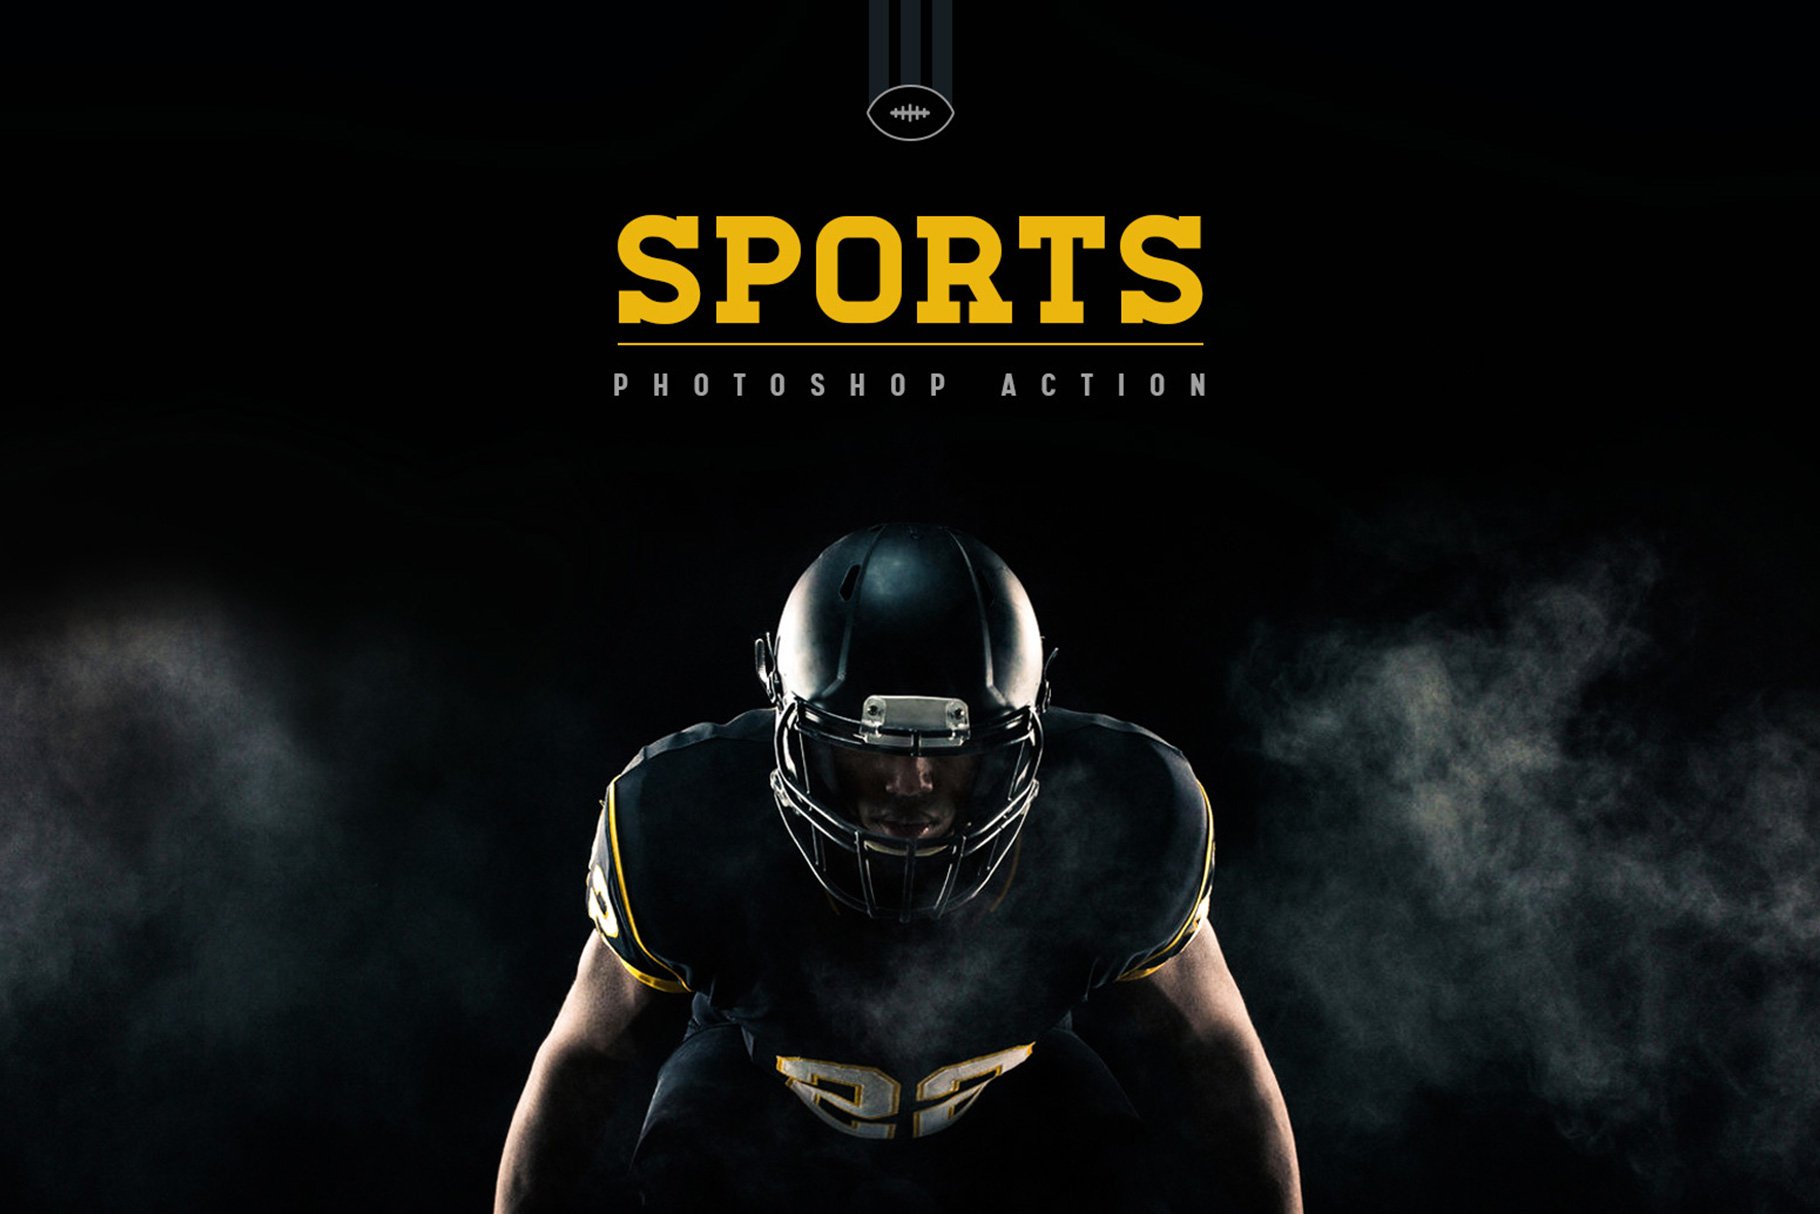 Sports Photoshop Actioncover image.
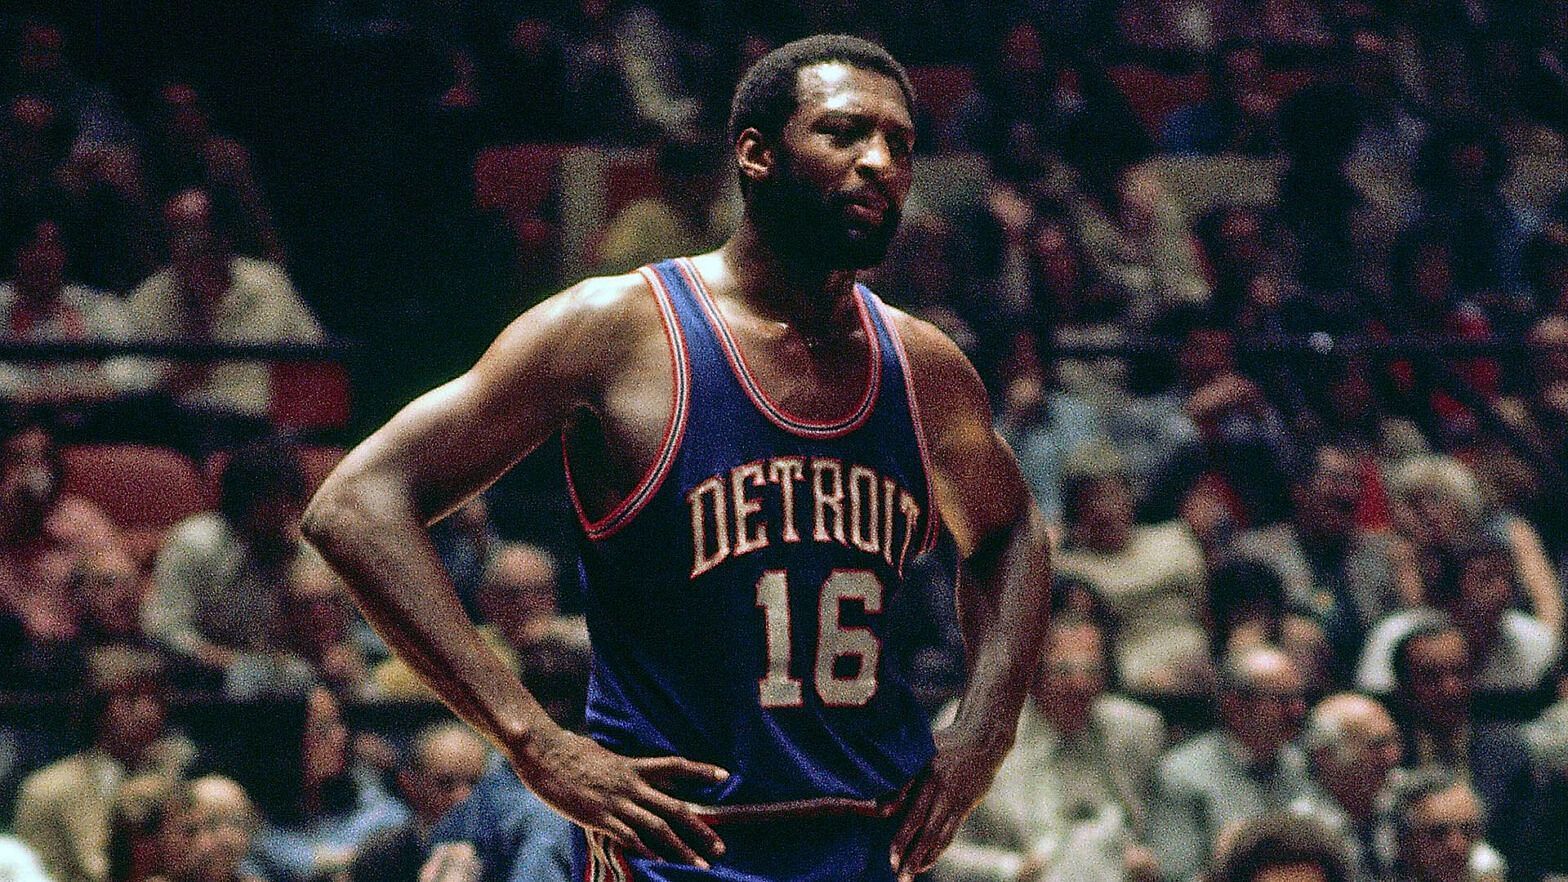 Bob Lanier with the Detroit Pistons in the 1970s.
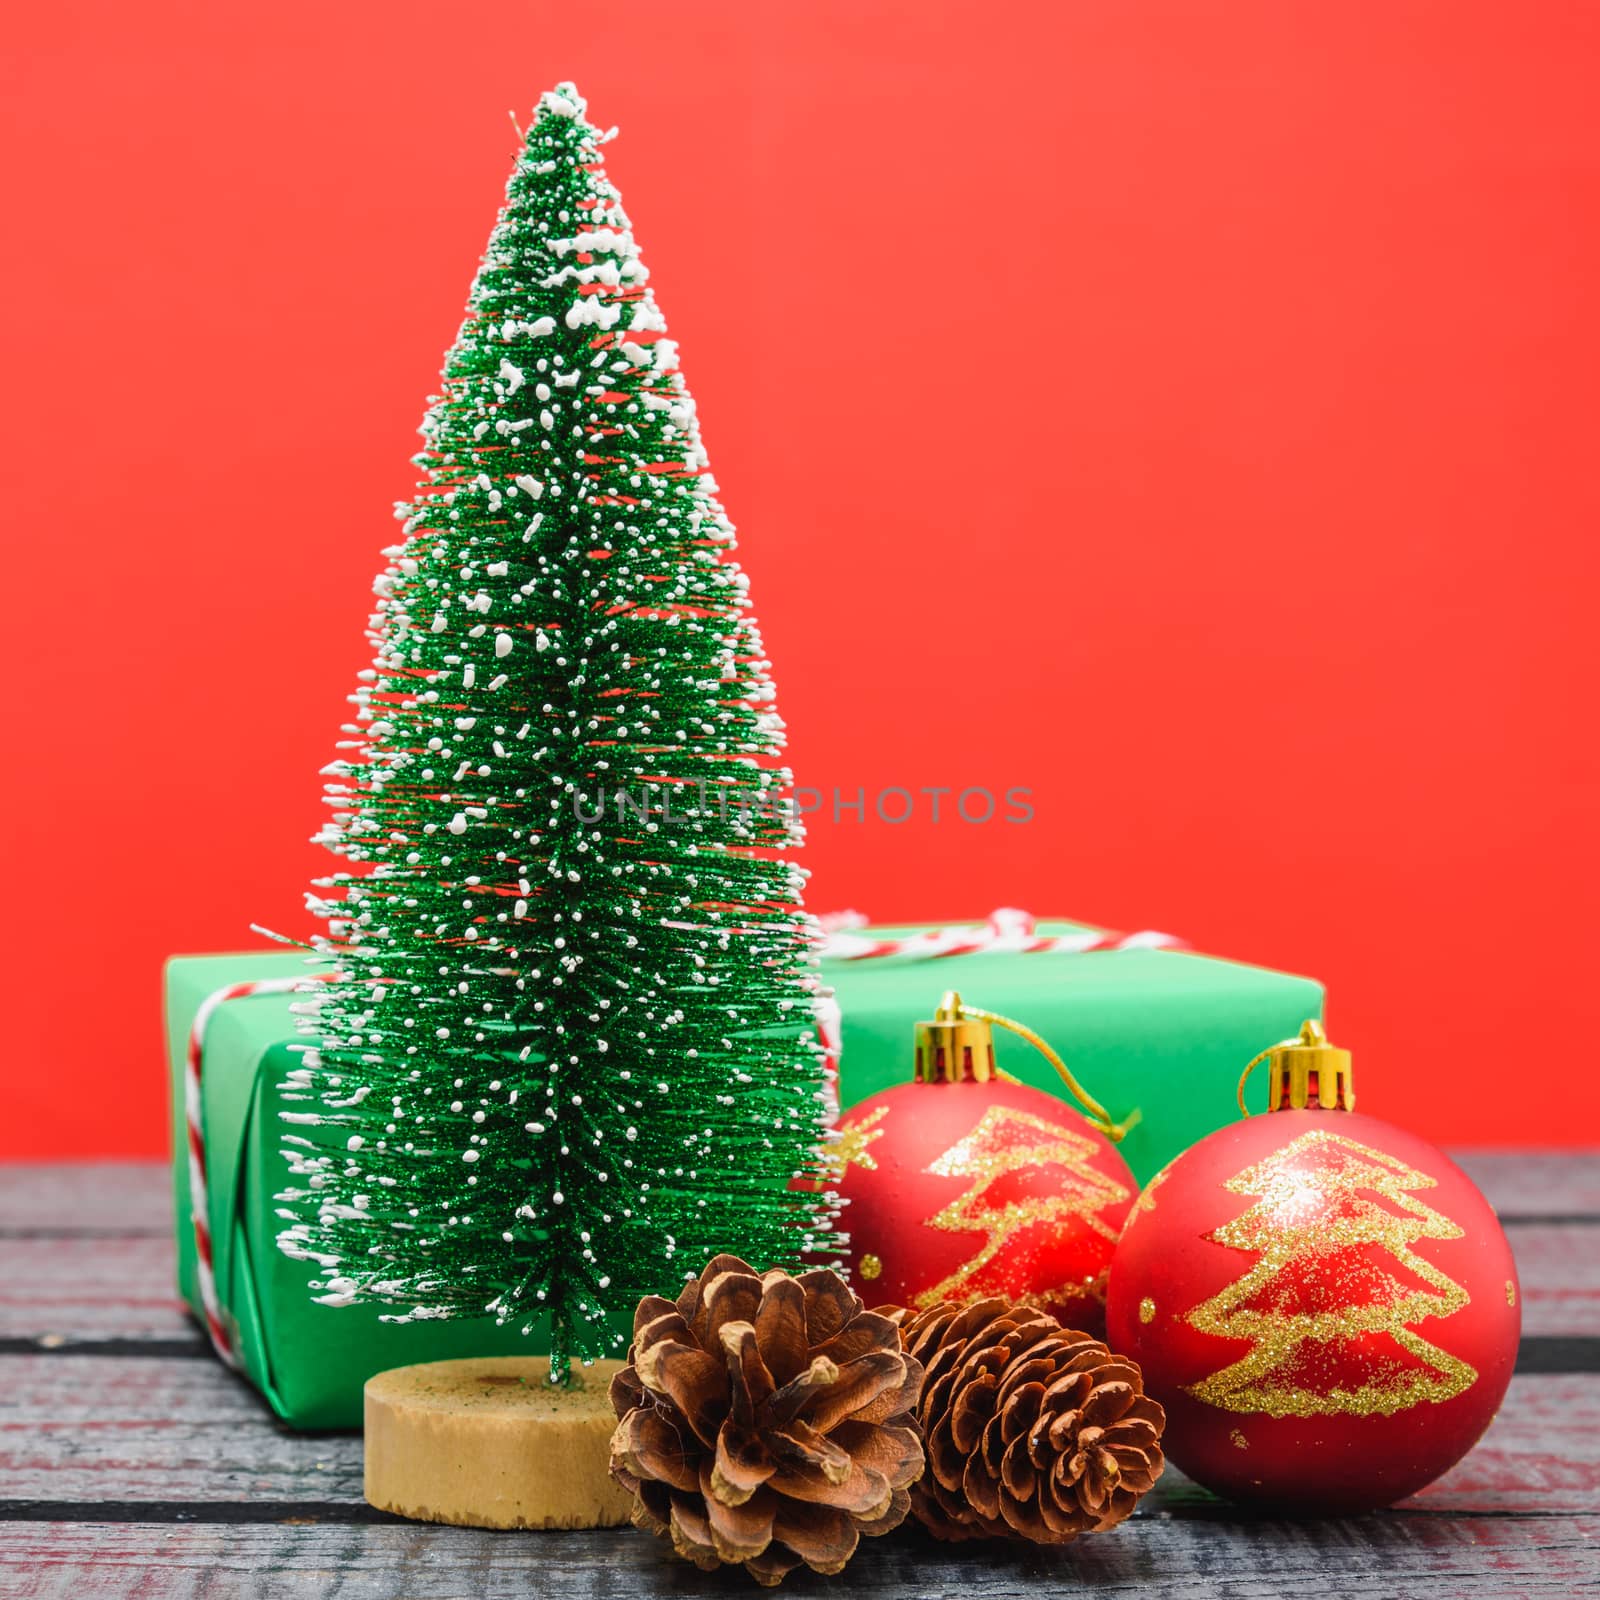 Christmas composition and decorations, minimal green fir tree branches with snow on red background. Merry Christmas concept. Copy space for text
□ □ □
_Task to complete_
Now repeat exactly the lines from the one with "Bob Lanier with" through the end of the listing above, both included, omitting all pictures.

_Response area_
 Bob Lanier with the Detroit Pistons in the 1970s.
 Christmas composition and decorations, minimal green fir tree branches with snow on red background. Merry Christmas concept. Copy space for text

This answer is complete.